A landlord leader has backed Southend-on-Sea Council’s crackdown on failing private rented homes.

In an unusual admission, South Essex Alliance of Landlords secretary, Judith Codarin, says the number of problem properties investigated as part of the city’s selective licensing scheme proves the authority is doing its job properly.

Introduced two years ago, the scheme in selected roads in Kursaal, Milton, Chalkwell and Victoria wards with “significant and persistent problems” caused by antisocial behaviour, crime and poor living conditions, has found 324 homes with significant hazards during 614 visits.

Council officers discovered damp and mould in 116 properties, 48 were excessively cold and seven homes contained carbon monoxide and other fuel combustion products.


Four were overcrowded, 11 had poor hygiene, pests and refuse, while 15 properties were open to entry by intruders.

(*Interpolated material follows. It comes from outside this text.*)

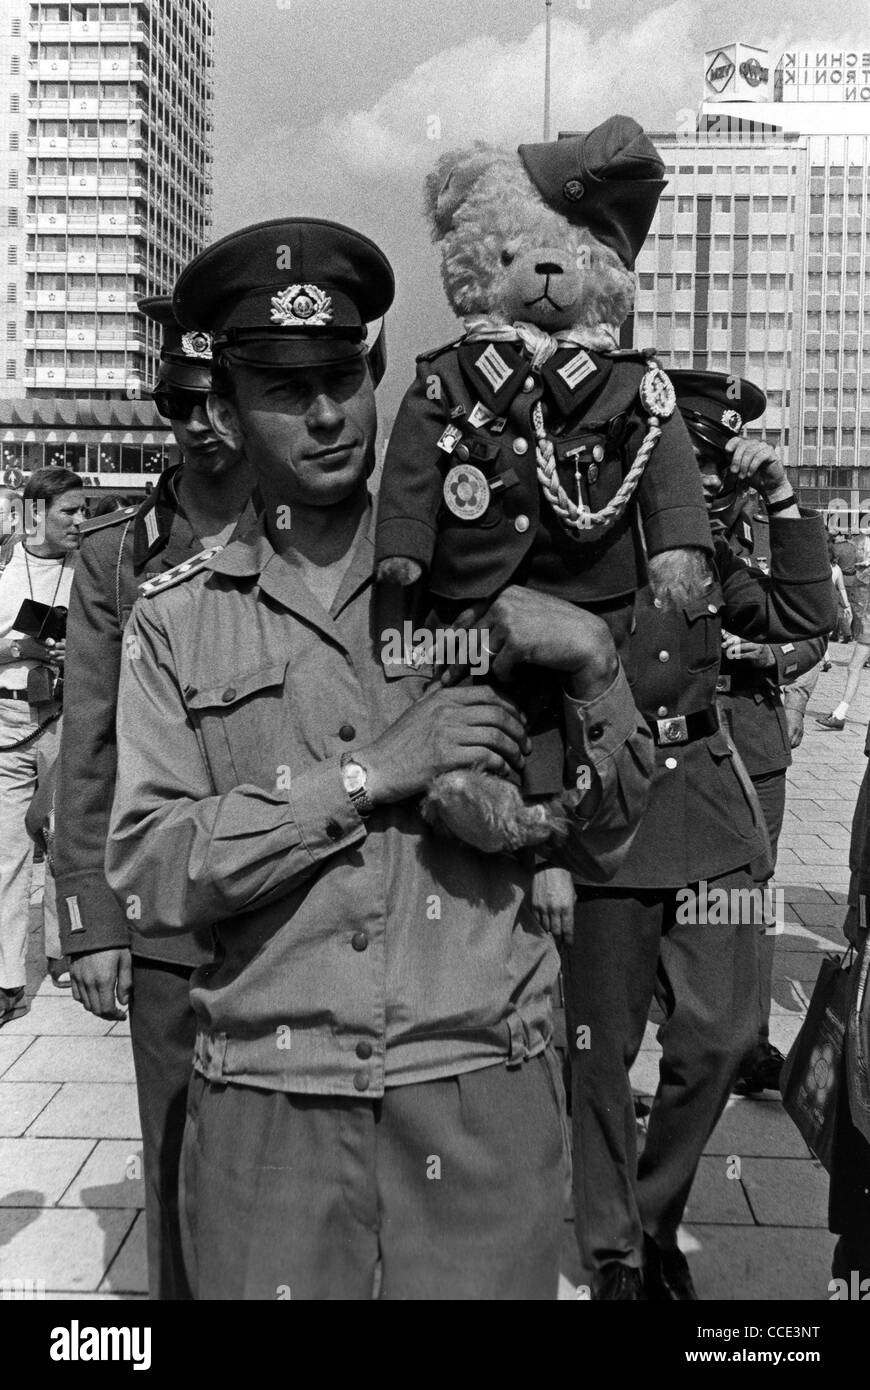 Soldaten der nationalen Volksarmee mit einem Teddy Bär in Uniform in Ost-Berlin. Stockfoto

Alarmingly, 14 were identified as being at risk of structural collapse.

Codarin told the Yellow Advertiser she welcomed the scheme’s progress and that the £735 fee has been manageable and taken in two parts which helped enormously.

Council officers are attending their landlord meetings, she adds. “They took notice of what experienced landlords said at meetings. It was us reasonable landlords saying we the easy targets, we’re going to do our best anyway, just go for the bad ones. It’s not an indication that all landlords are bad, it’s an indication they are going for the right ones. These results I would say are pretty good - they’ve really gone for the naughty ones.”

The council has sent 240 non-compliance letters and served formal notices including eight civil penalty notices, four improvement notices and three emergency prohibition notices.